While Mexico has dismantled many of the legal impediments to gender parity, Nigerian women must still weather a painful ordeal of religious fundamentalism and regressive cultural mores. In the predominantly Muslim north, ultra-conservative interpretations of Islamic doctrine are often weaponized to confine women to rigidly subordinate roles, denying them autonomy over their bodies, lives, and ambitions. Even in the largely Christian South, the corrosive remnants of patriarchal traditions linger, their tentacles constricting the ascent of women into leadership positions across all strata of society – from politics and business to academia and beyond.

Yet, for every regressive force, an equally powerful counter-movement is amassing. At the grassroots level, pioneering initiatives are emerging to educate, empower, and elevate Nigerian women, fostering a resilient new generation unwilling to accept the antiquated confines of gender norms. Education rates among Nigerian females are rising, encouraging a wave of brilliant minds previously suppressed by the weight of systemic disadvantages. A youthful awakening stereotyped by revolutionalized extrospection, promises a courageous movement challenging the insidious biases that have calcified the status quo.
The courageous spirit embodied by women like Ojei Princess, who outfaced patriarchy’s hostilities to etch her name onto the presidential ballot, has catalyzed this budding revolution. Her mere presence in an arena once considered an exclusive male bastion has become an exemplary, yet hopeful assurance of admirable possibilities for Nigerian women.

The Nigerian feminist icon, Chimamanda Adichie, writes,

“We cannot always bend the world into shapes that we want, but we can try. We can make a real and true and concerted effort.”

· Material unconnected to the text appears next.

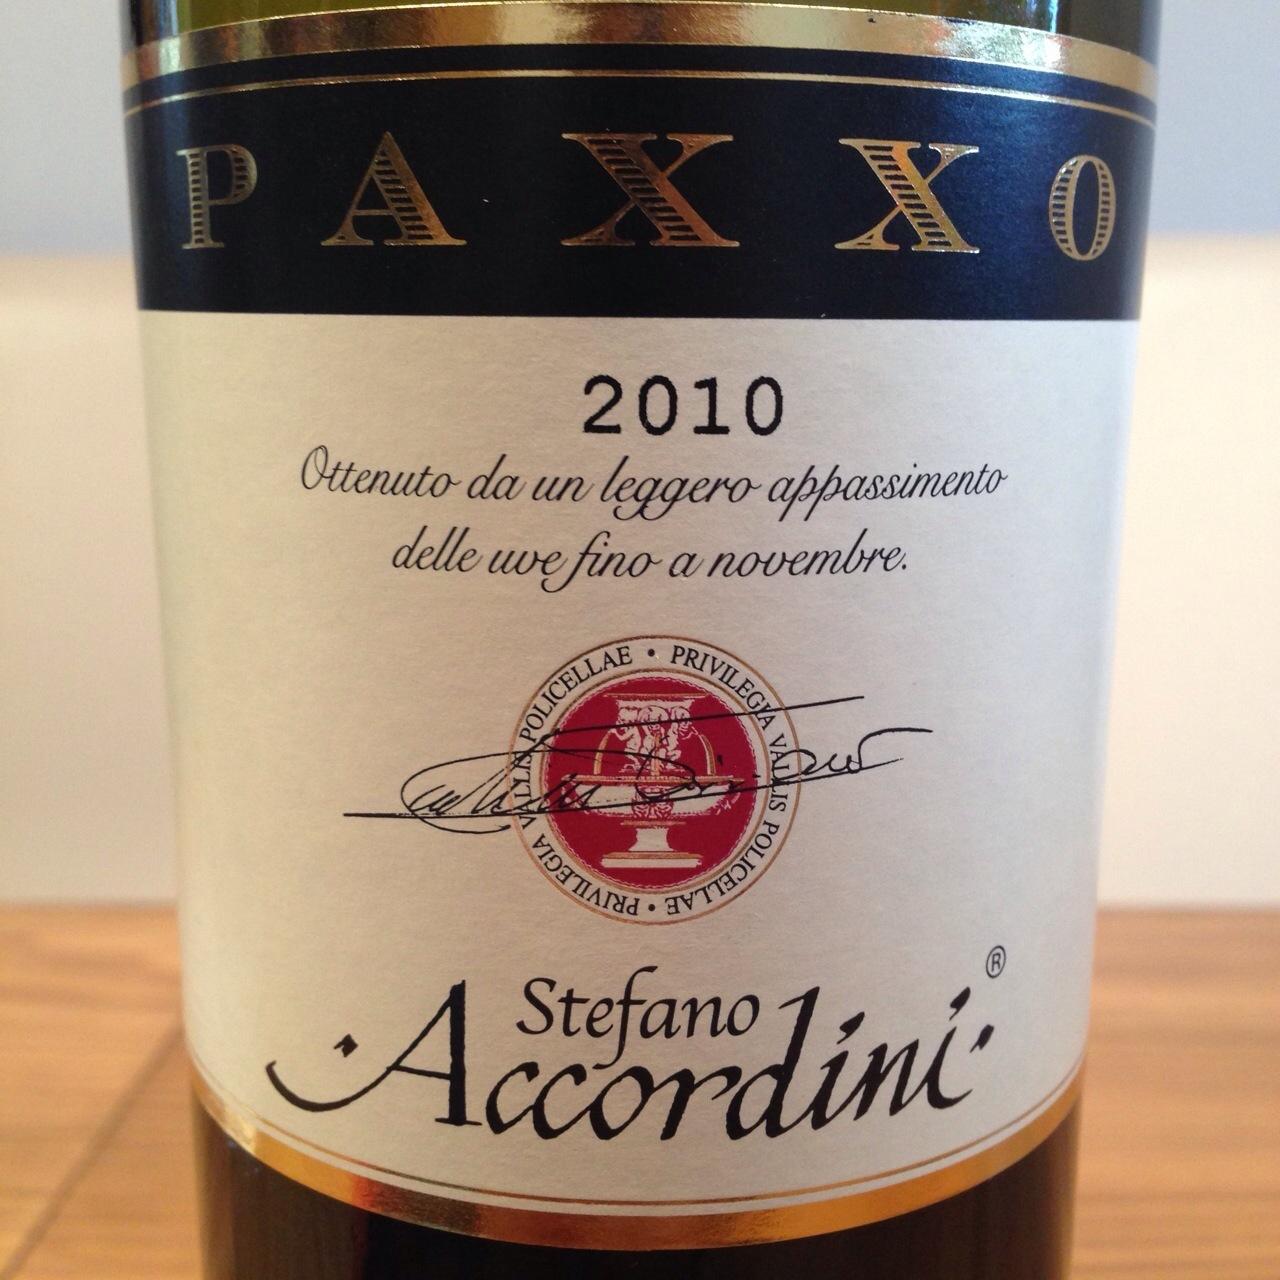 Accordini Paxxo 2011.JPG

Nigeria’s corrupt sociocultural, religious, and political institutions may pose direct complexities and challenges for women competent and eager to take up representative positions in government, but they must never fail to try. We are in an era of defined societal handicaps: religious extremism, cultural misogyny, institutional inertia, and the dominating interests of men desperately clinging to a fading patriarchal order. But with every dismantled patriarchal norm, Nigerian society inches closer towards an inclusive, equitable future. Mexican citizens have exposed a path, we can similarly tour.